Instructions to follow
An exact transcription of all the data is required, with every image removed.

Exercise data
╔══
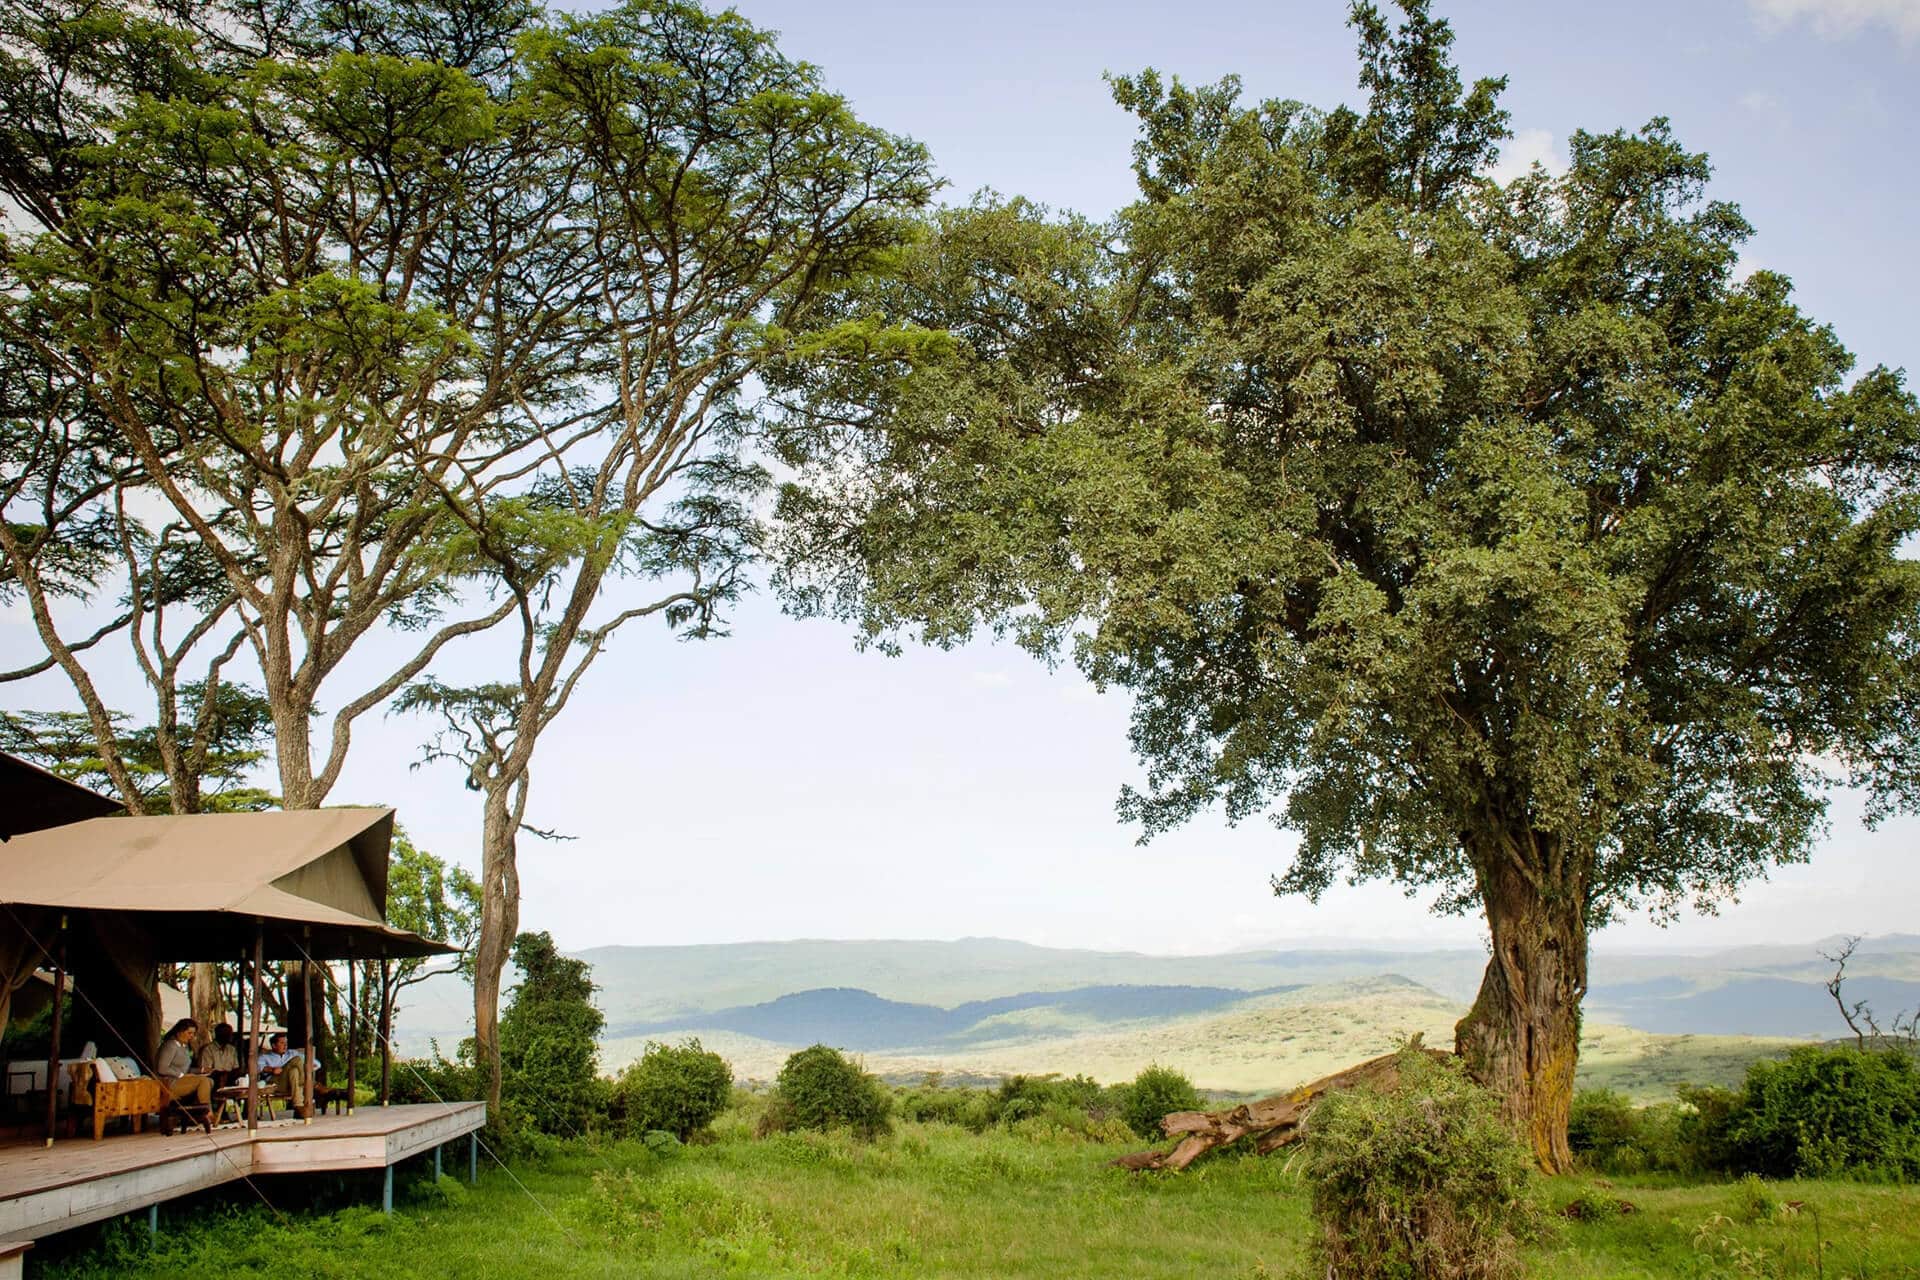 The mess tent at Entamanu Ngorongoro with view of the Ngorongoro Crater
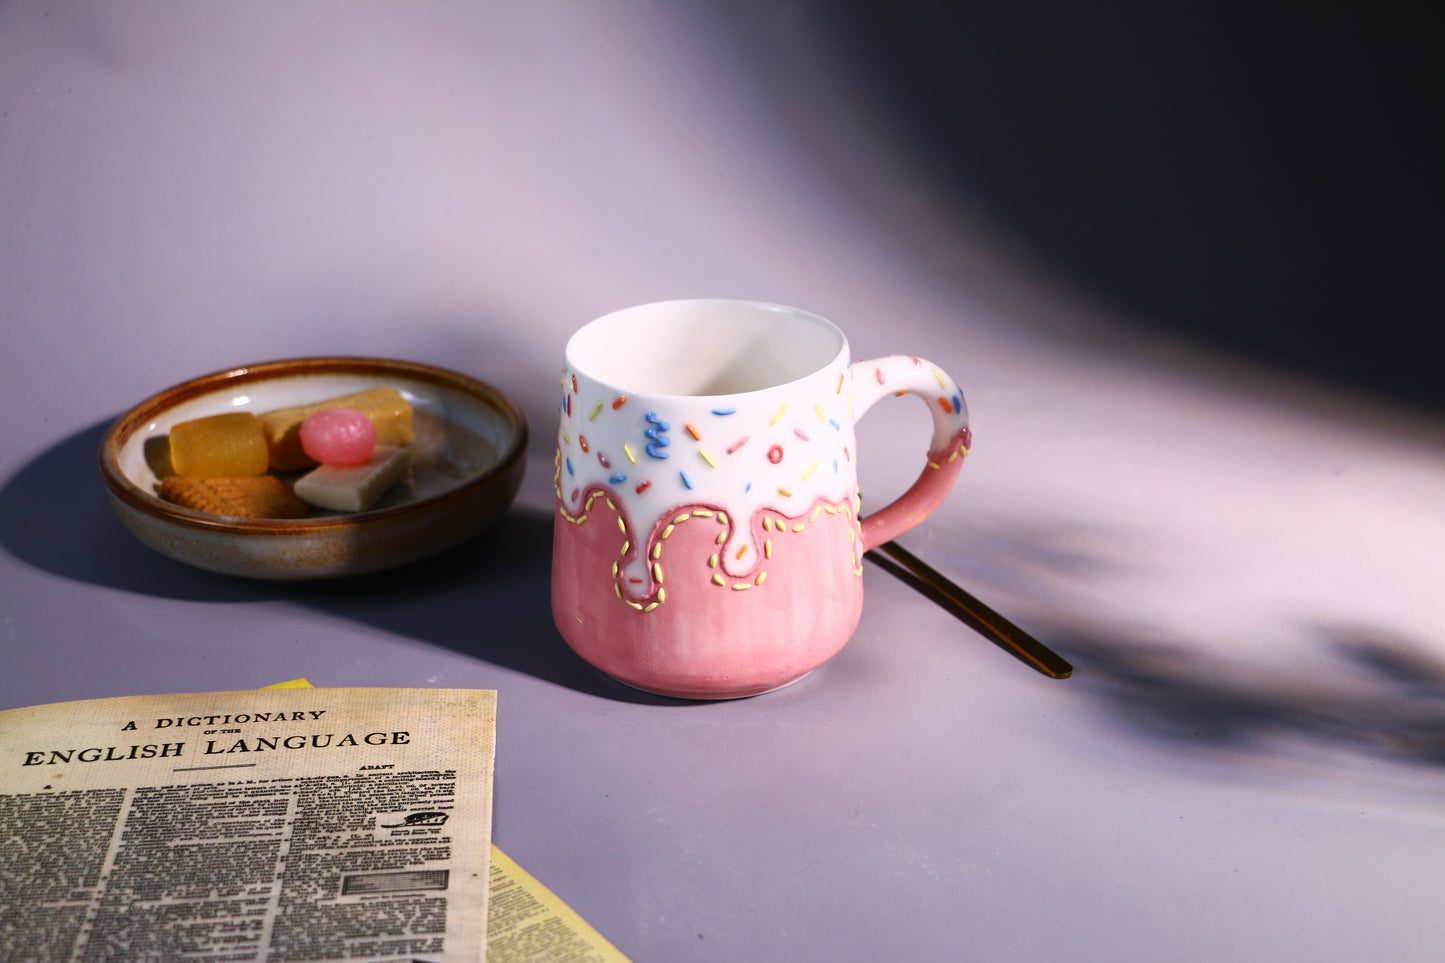 Ice-cream Ceramic Coffee Mug, Personalized Handmade Pottery Mug for Gifts
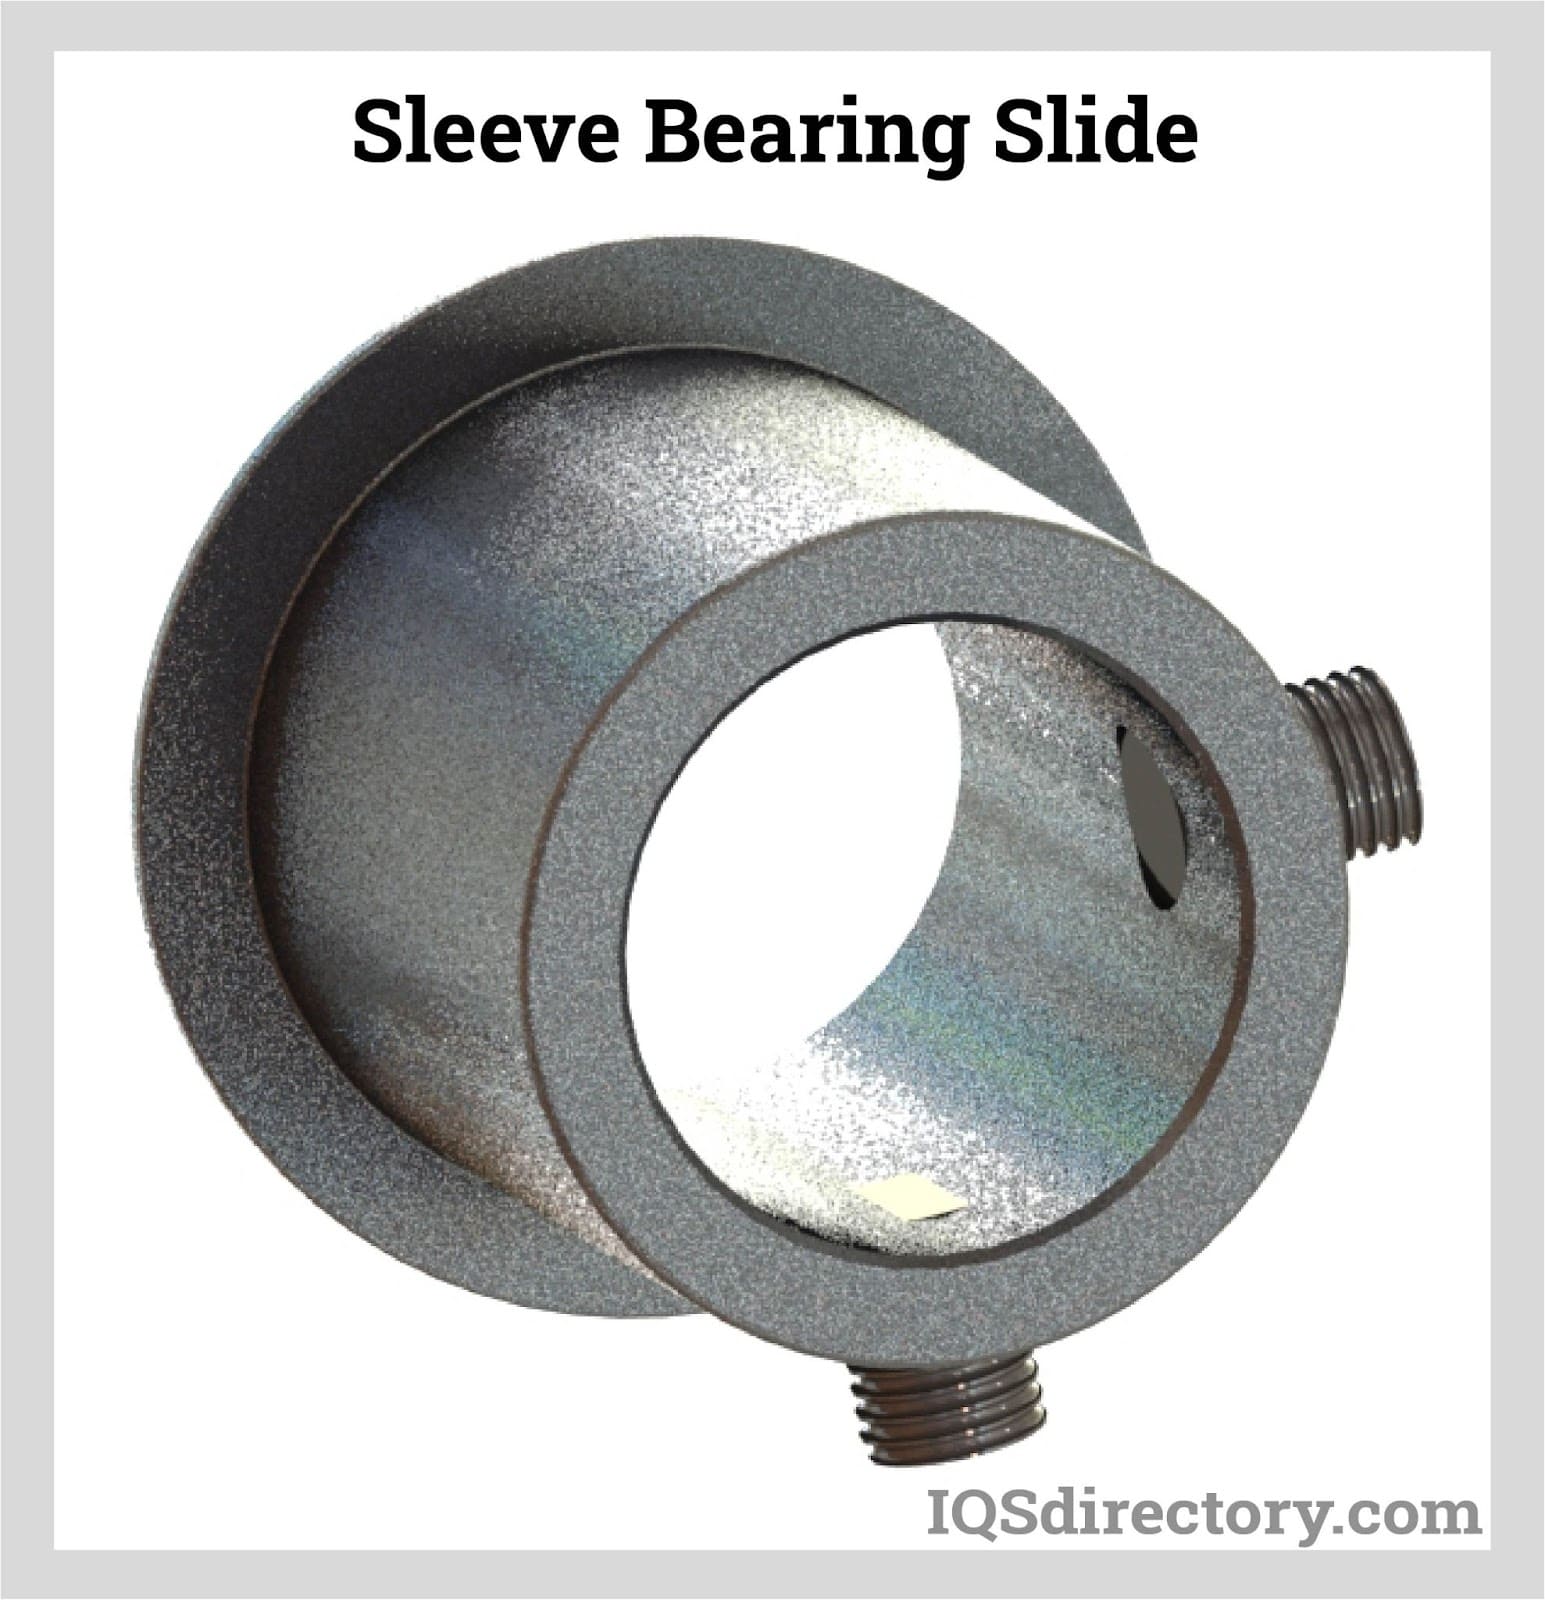 Sleeve Bearing Slide
╚══
Task solution
 The mess tent at Entamanu Ngorongoro with view of the Ngorongoro Crater
 Ice-cream Ceramic Coffee Mug, Personalized Handmade Pottery Mug for Gifts
 Sleeve Bearing Slide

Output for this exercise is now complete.